Source material:

=== Begin Enclosure ===

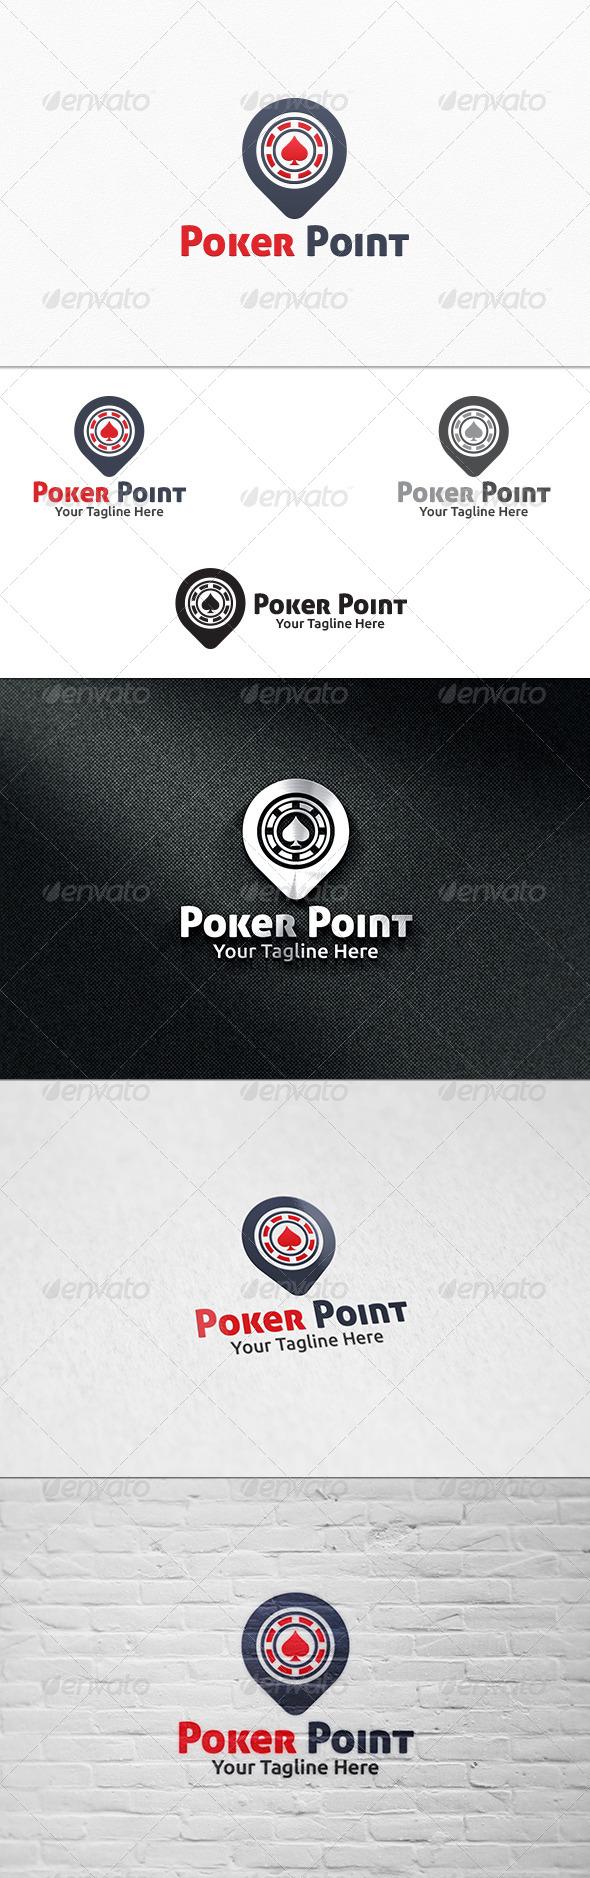 Poker Point - Logo Template
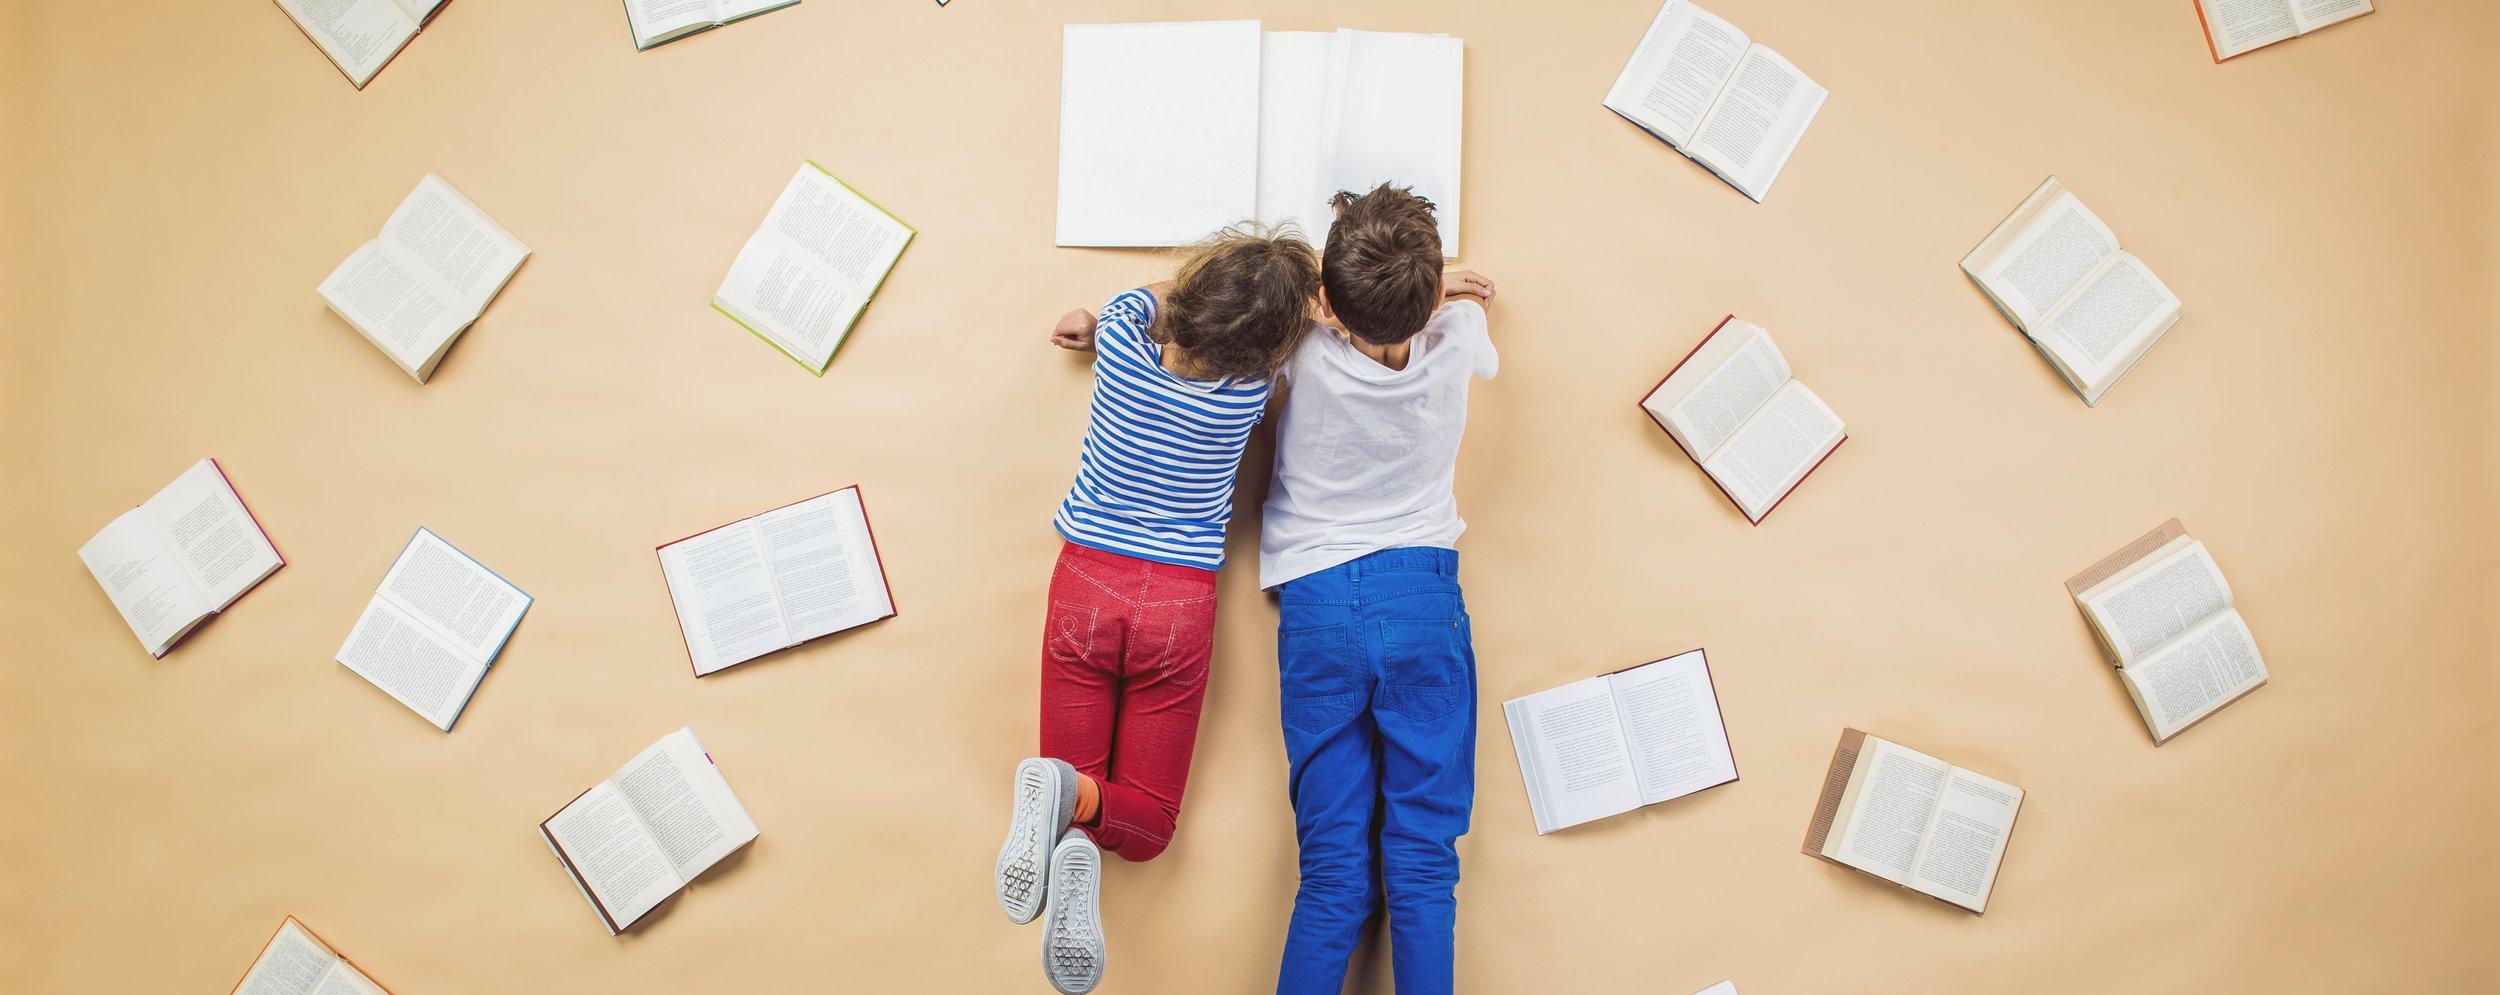 graphicstock-happy-children-are-reading-book-on-the-floor-with-group-of-books-around-them_SAmDFJ2-Z.jpg
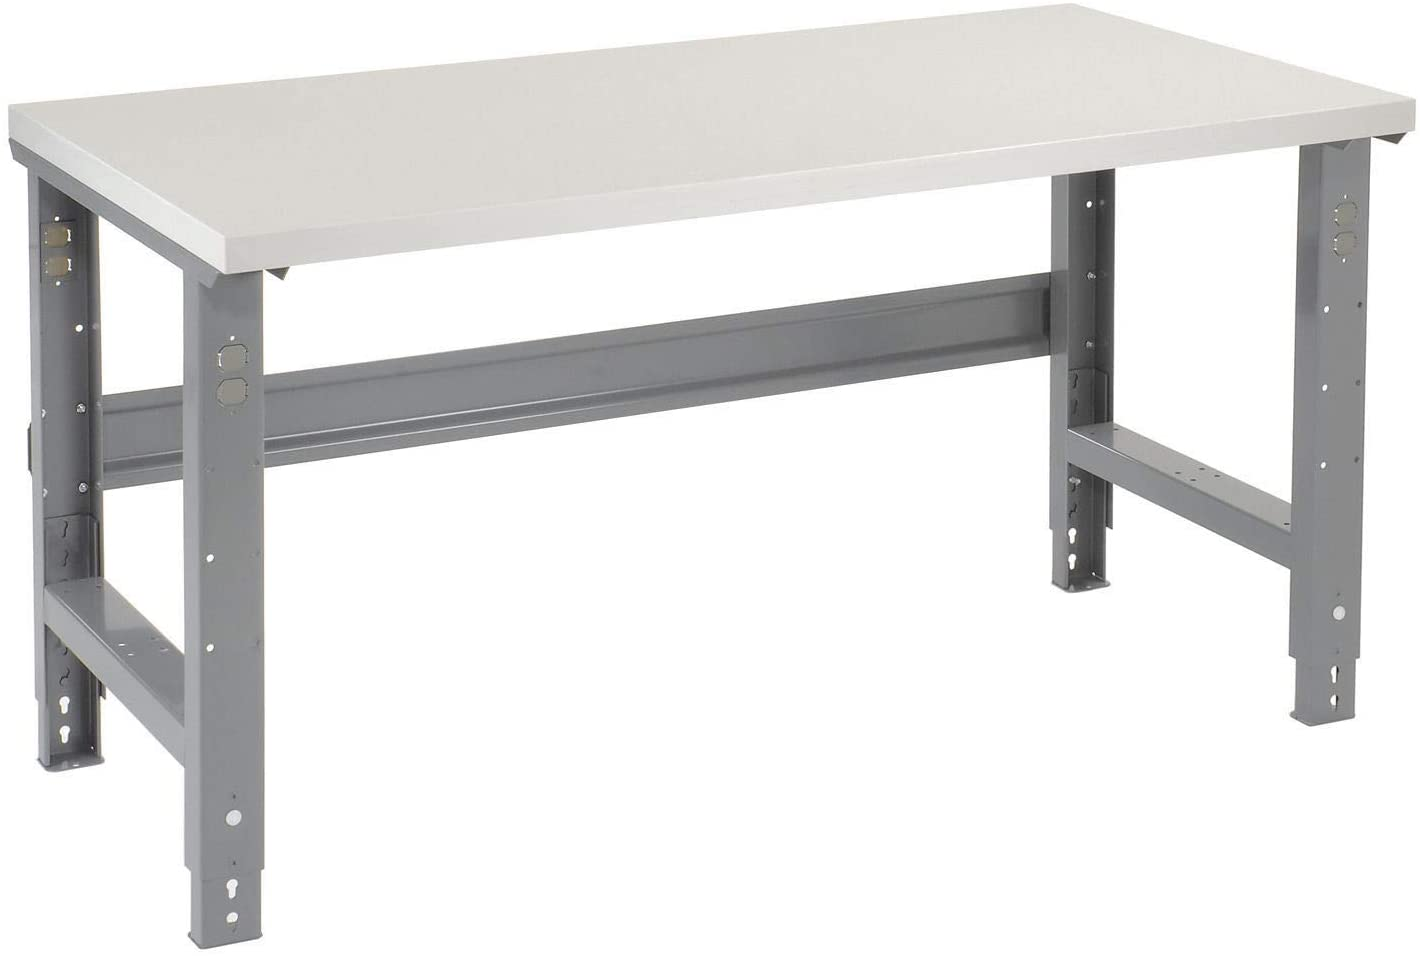 Adjustable Height Workbench C-Channel Leg, Plastic Laminate Square Edge, 60

=== End Enclosure ===

Would you set down the listing exactly, omitting pictures?

Your solution:
 Poker Point - Logo Template
 graphicstock-happy-children-are-reading-book-on-the-floor-with-group-of-books-around-them_SAmDFJ2-Z.jpg
 Adjustable Height Workbench C-Channel Leg, Plastic Laminate Square Edge, 60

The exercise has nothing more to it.